### Source information
-- Opening Marker --
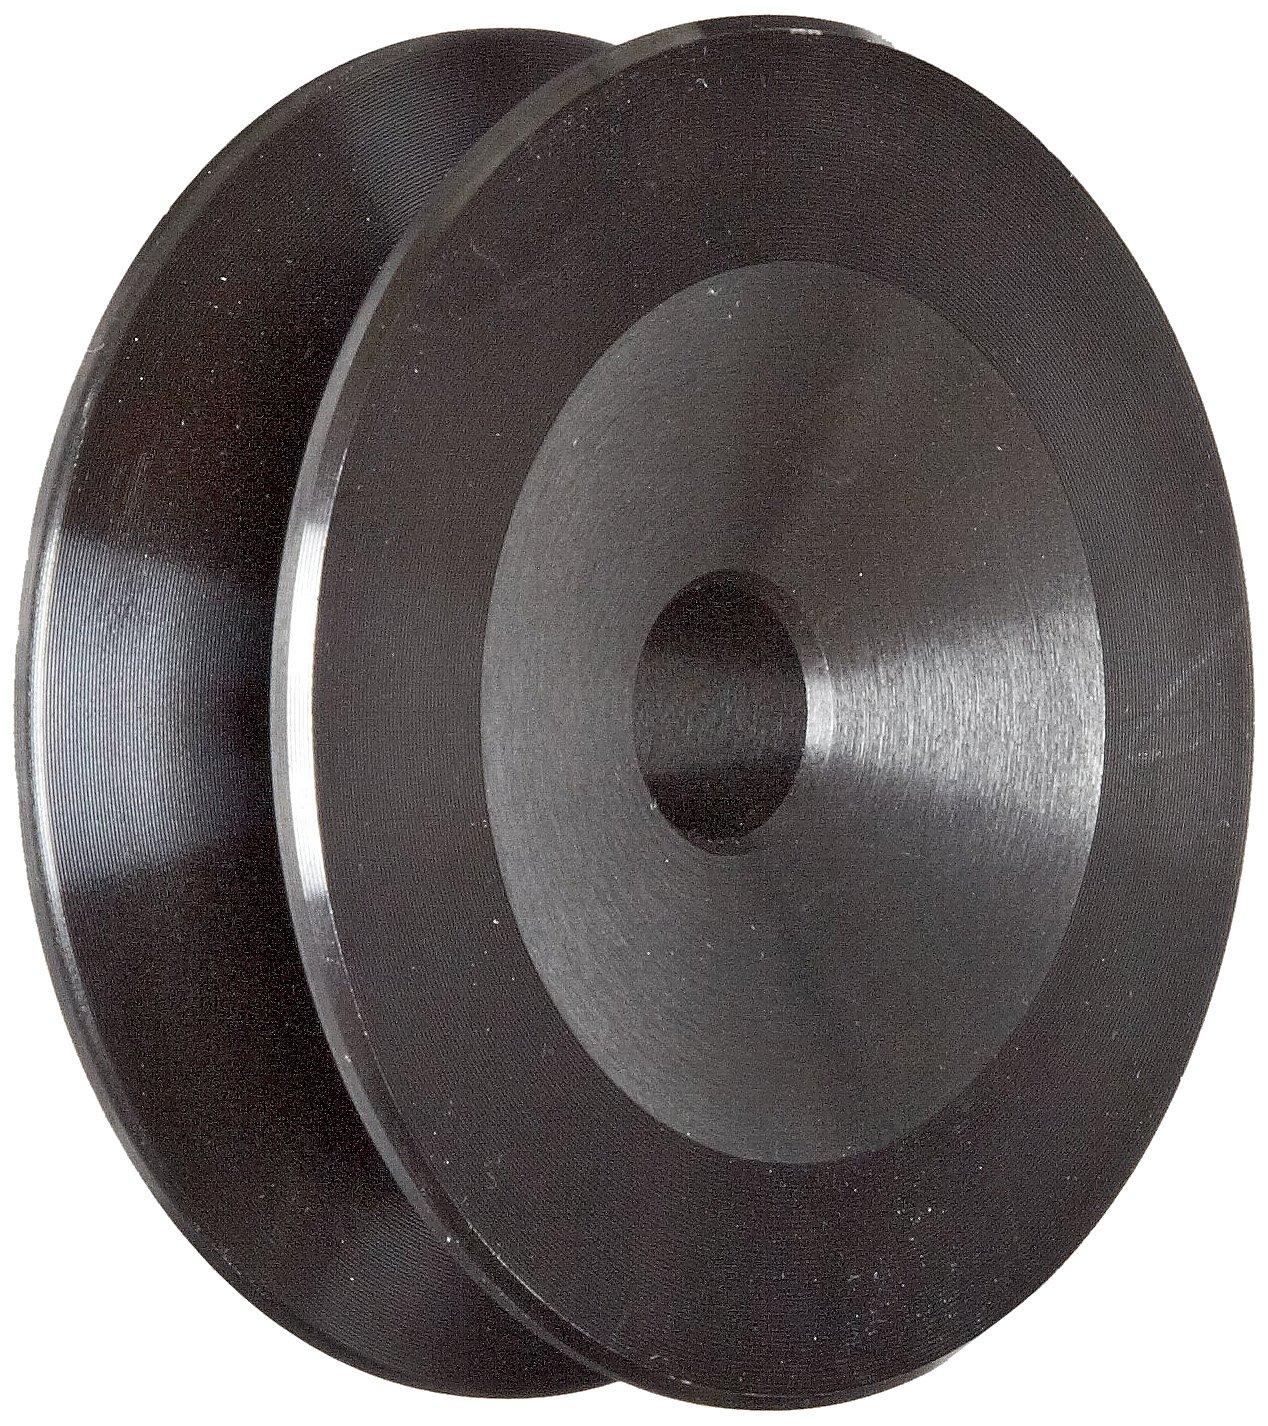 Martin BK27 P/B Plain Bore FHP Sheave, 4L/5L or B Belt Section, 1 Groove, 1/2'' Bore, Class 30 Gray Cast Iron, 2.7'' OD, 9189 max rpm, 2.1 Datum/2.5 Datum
-- Closing Marker --
-- Opening Marker --
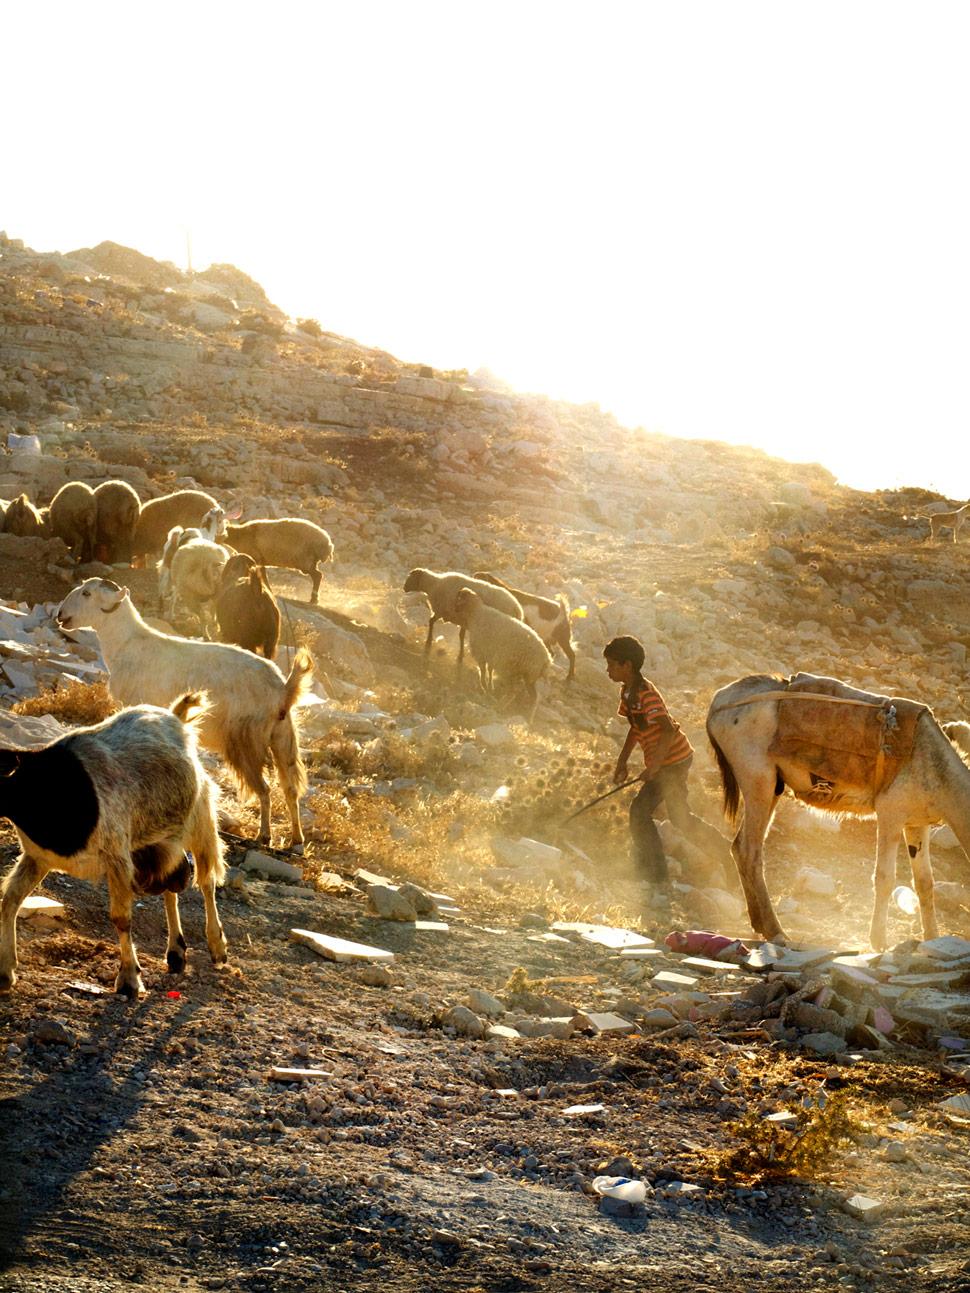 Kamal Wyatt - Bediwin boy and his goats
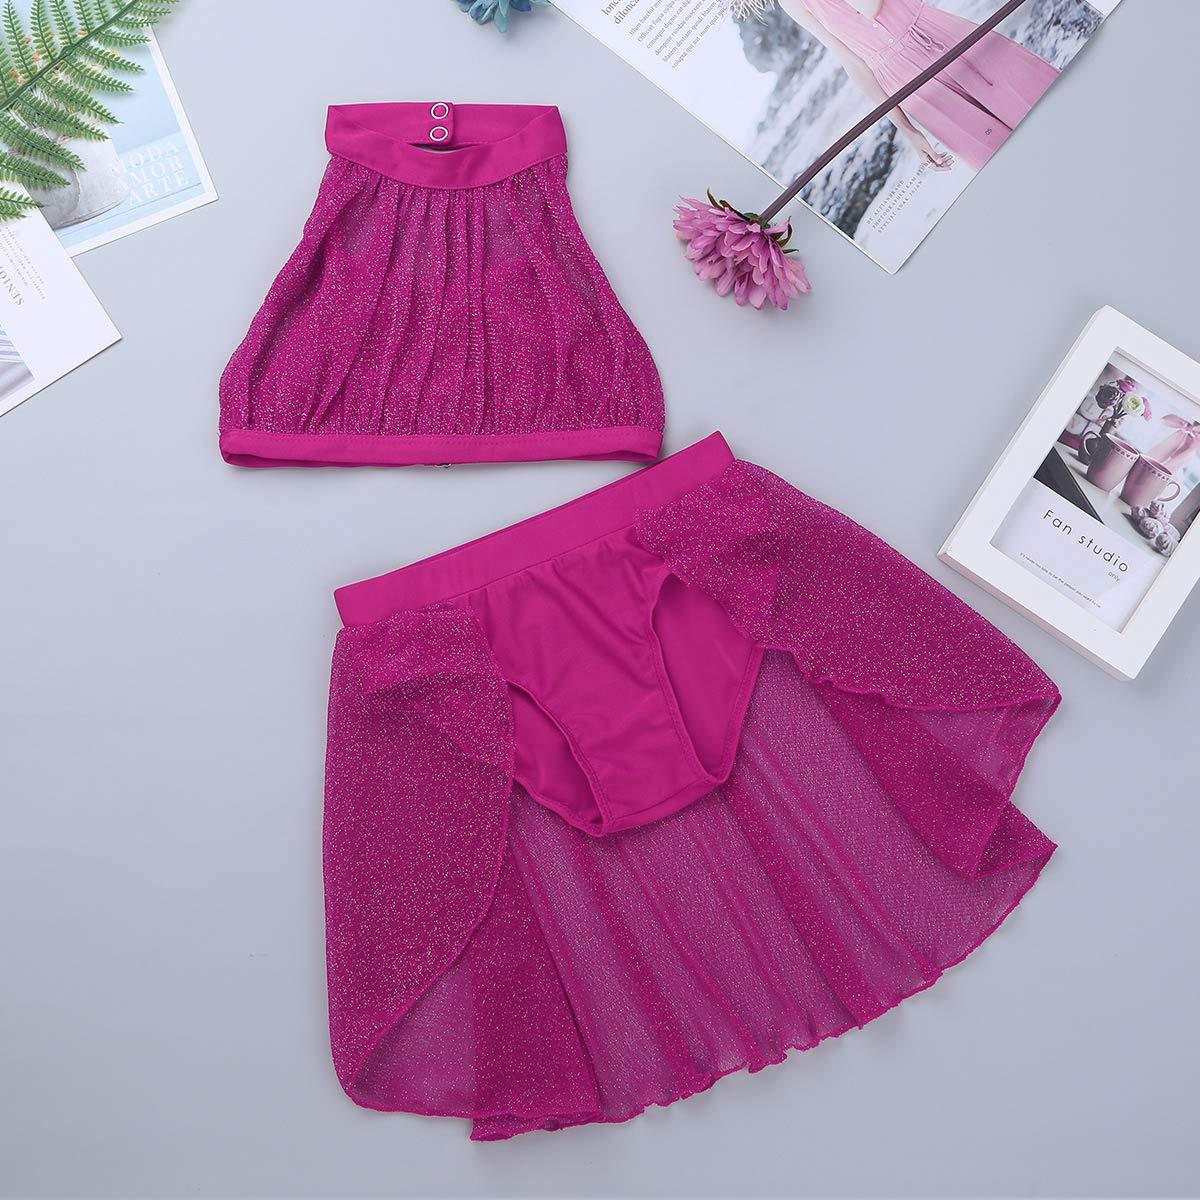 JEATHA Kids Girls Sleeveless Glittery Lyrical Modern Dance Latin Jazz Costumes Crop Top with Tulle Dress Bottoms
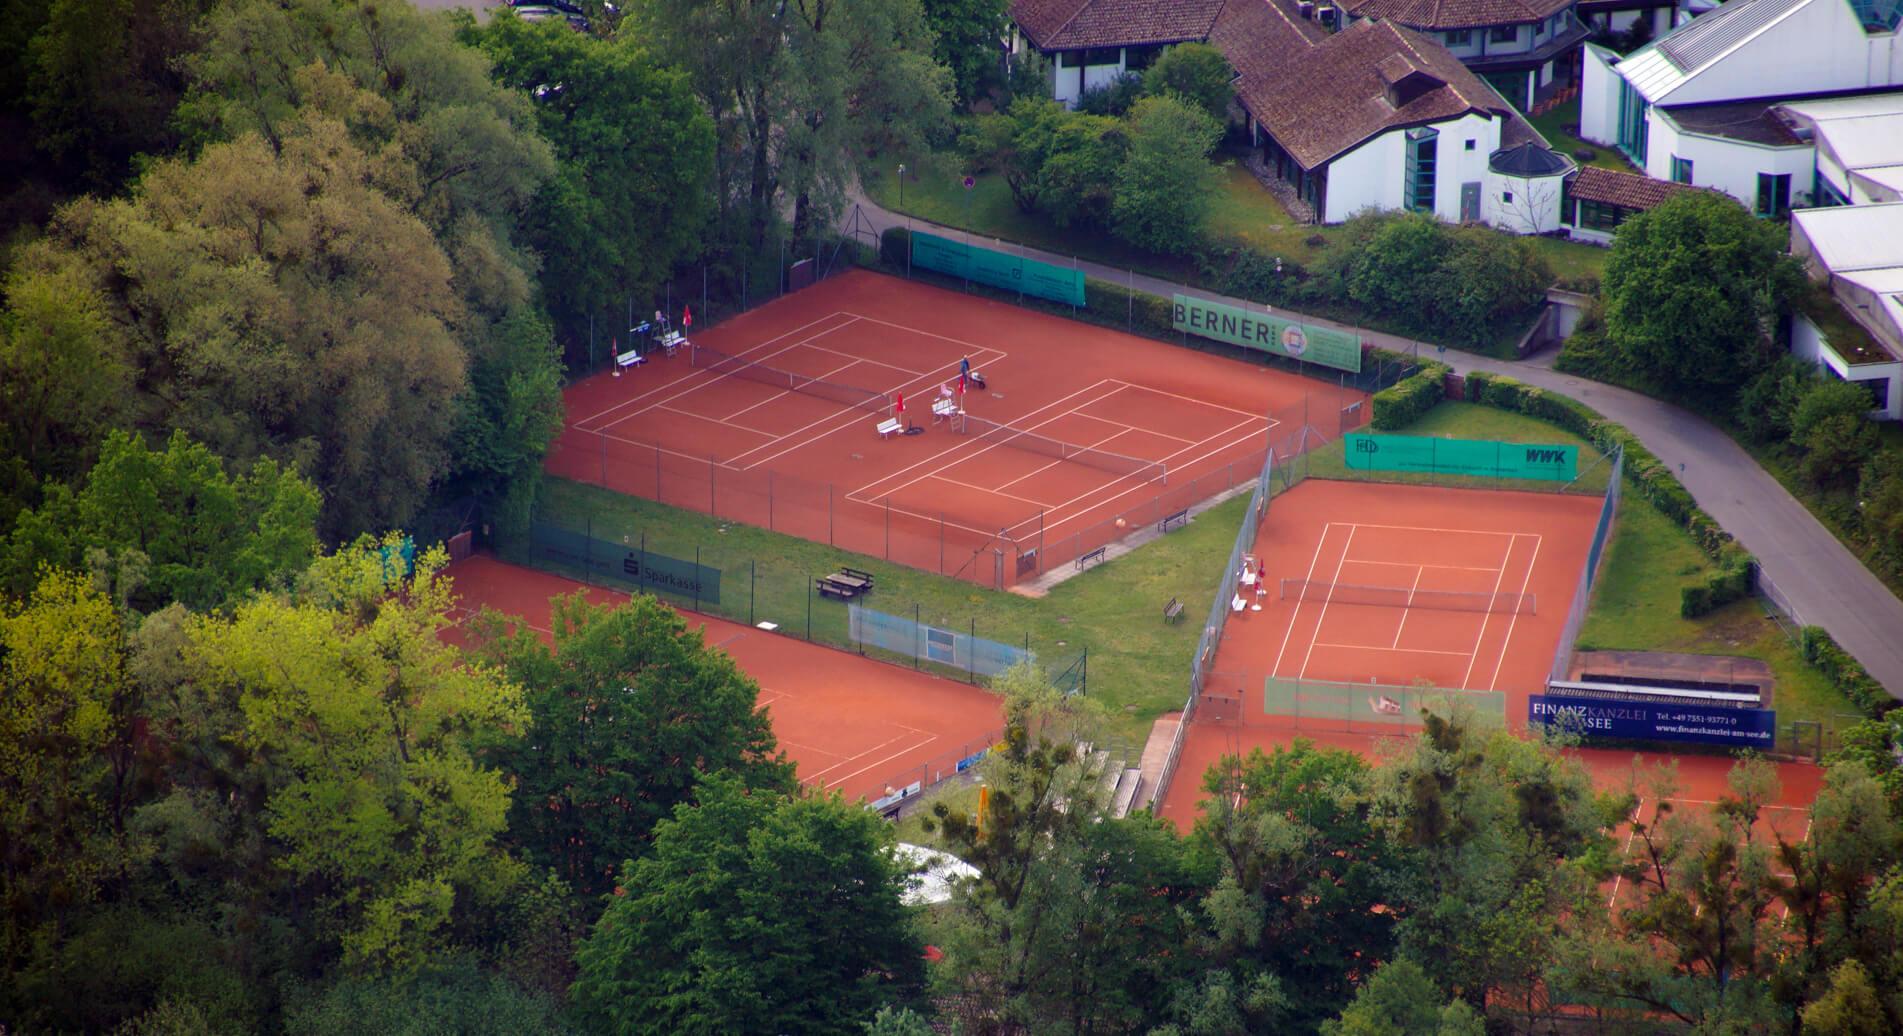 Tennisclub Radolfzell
-- Closing Marker --
### Exercise prompt
Word for word, repeat the lines above from the one with "JEATHA Kids Girls" through the one with "Tennisclub Radolfzell", and nothing beyond them. Omit the pictures.

### Exercise answer
 JEATHA Kids Girls Sleeveless Glittery Lyrical Modern Dance Latin Jazz Costumes Crop Top with Tulle Dress Bottoms
 Tennisclub Radolfzell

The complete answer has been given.